The Word before the text

Read I Thessalonians 2:7-13

When hearing the expression “The Word of God,” one often thinks of the Bible, of the written text we call the Sacred Scriptures. This is quite normal, but it is good to remember that this “Word” existed before any text was written. The last verse of today’s reading reminds us of this fact.

Paul praises the Thessalonians because they have received his teaching not as a “human word” but as the “Word of God.” Yet Paul had no text to show them at that time. In fact, this letter to the Thessalonians is the first text of what would eventually become the New Testament. During the following years, new texts would be added: Paul’s other letters, and letters from other Apostles, as well as the writings of the four Evangelists, the story of the Acts of the Apostles, and John’s vision which we call the Book of Revelation. Yet before any of these texts were written, Paul was proclaiming the Word of God.

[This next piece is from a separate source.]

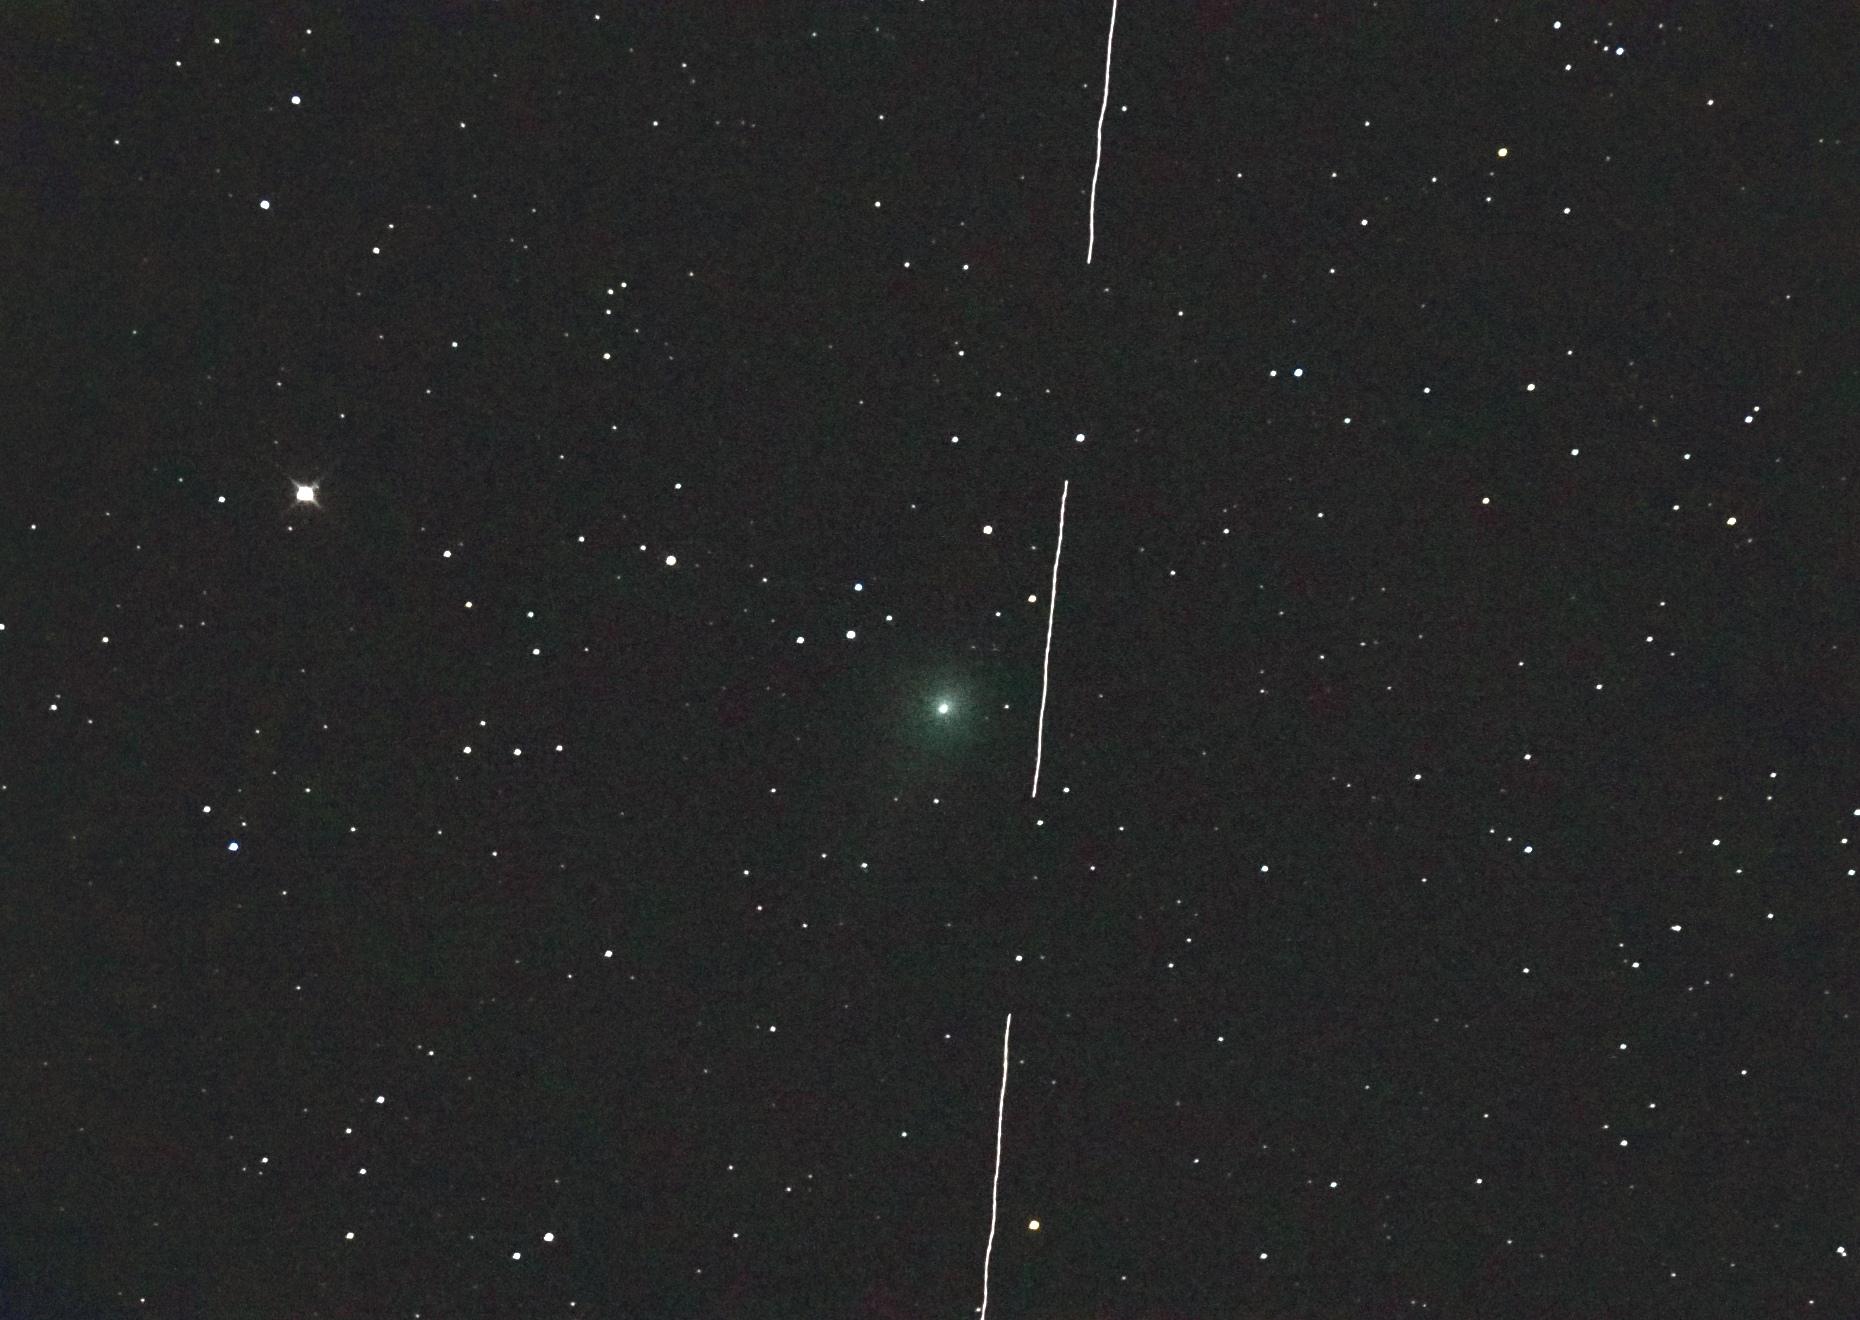 c2017t2-starlink-110520-22h31m16-t407f4b-3s.jpg.3433b13e806d8736be4a19f69ef168b4.jpg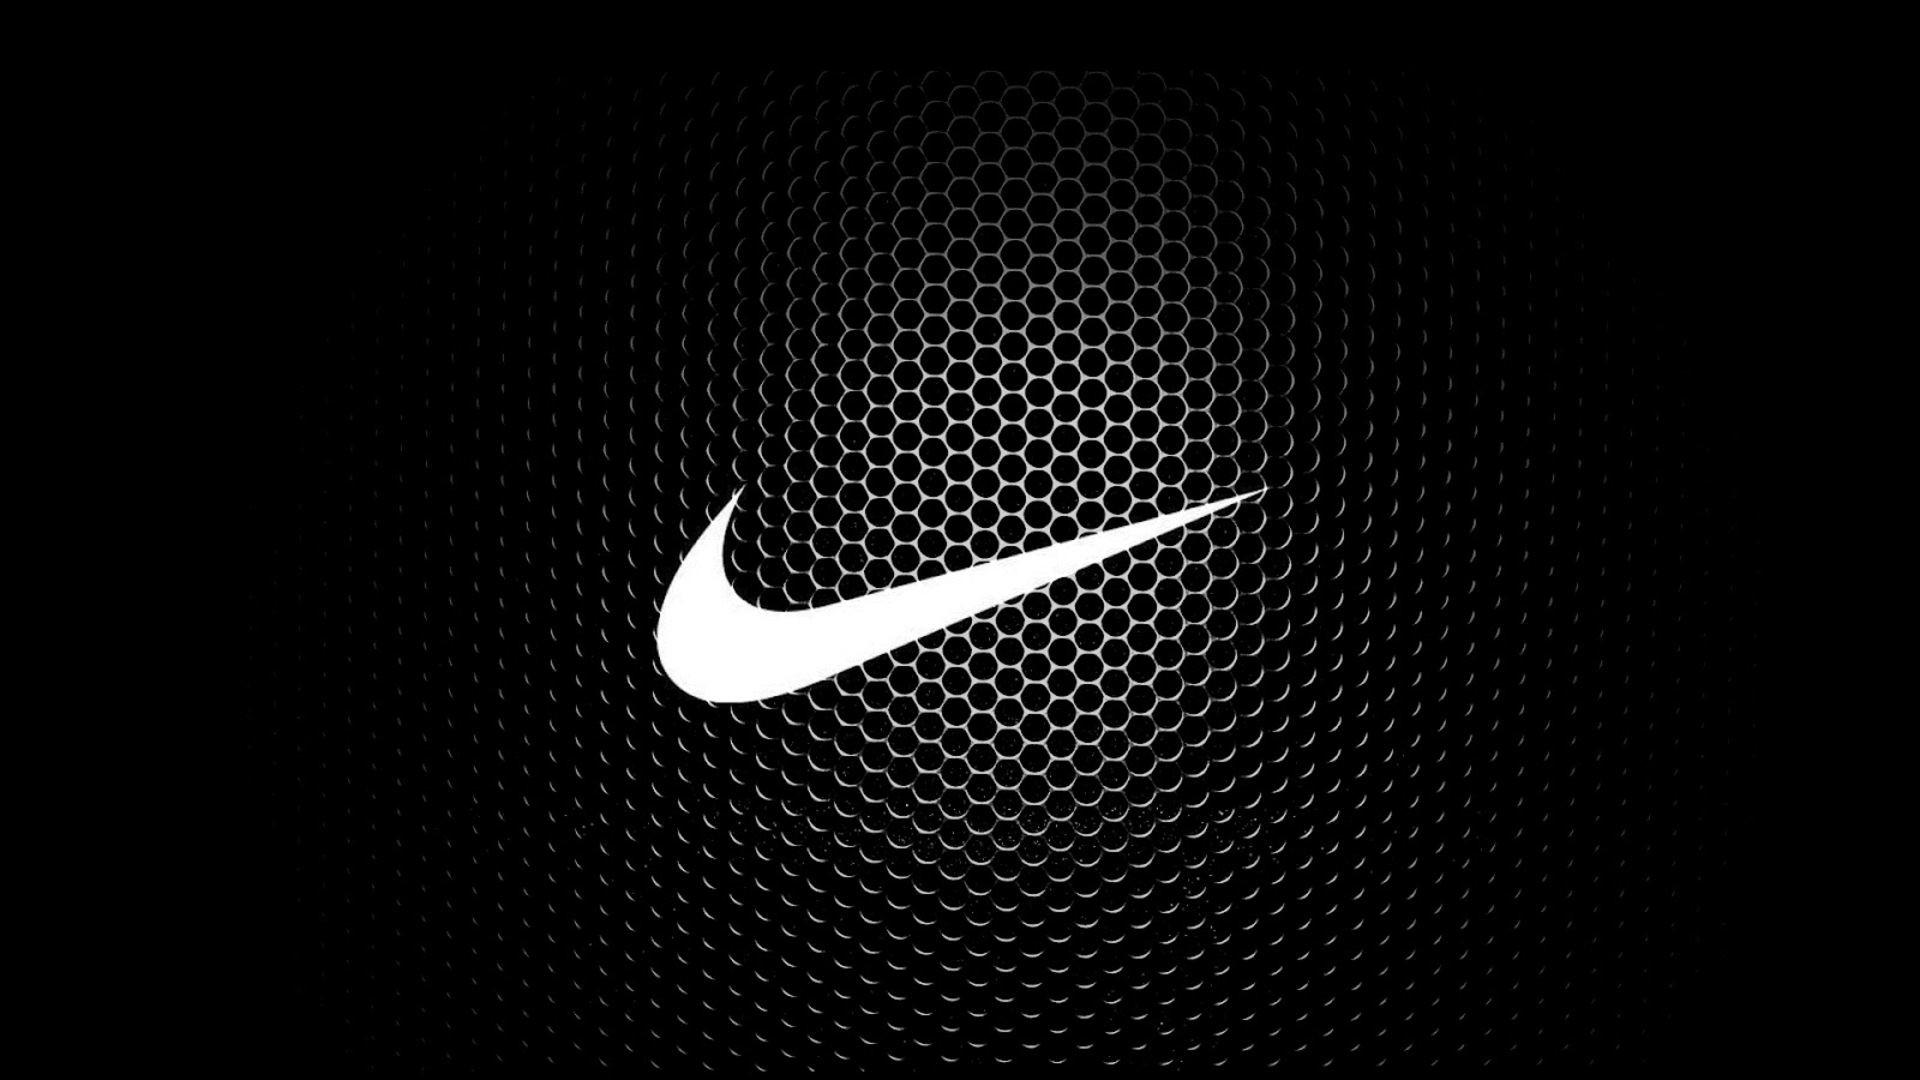 Nike Lebron Wallpaper 68 Images

To what then is he referring? He is referring to the stories the other Apostles have taught him and to his own conversion experience when he met the risen Christ on the road to Damascus. That is the content of his preaching and teaching. The stories about Jesus that are being shared, the reflection of the young Christian community as it gathers to pray and celebrate the Lord, this is what makes up the Word of God before the New Testament was written. The Church, God’s own people, is the cradle in which was born the New Testament.

If the Church gave birth to the Scriptures, it is normal that the Church also be the place where this text is proclaimed, studied and prayed. This is not to say that one shouldn’t read the Bible alone. But it reminds us that, even when we do read it alone, the community which gave birth to the text remains the community of understanding and interpretation which can hand it on in faithfulness.

My grandmother had a box of photographs. When we opened this box, we wanted her near us, for she alone knew the stories “behind” the pictures: she could name the people in the pictures and explain their meaning. Pictures are like footprints left by people and events that, though they belong to the past, still have an impact on our lives today.

The Bible is like a box of pictures giving witness to the great adventure we call Salvation history; and the Church is like my grandmother who took the pictures, who understands their meaning, who uses them to help us enter into the living story of wonderful characters, the first of which is the Lord Jesus himself.

Believing in the “Word of God” is more than recognizing the truth of a text. It means entering into the living history which the text is telling, in communion with the Church which gave it birth.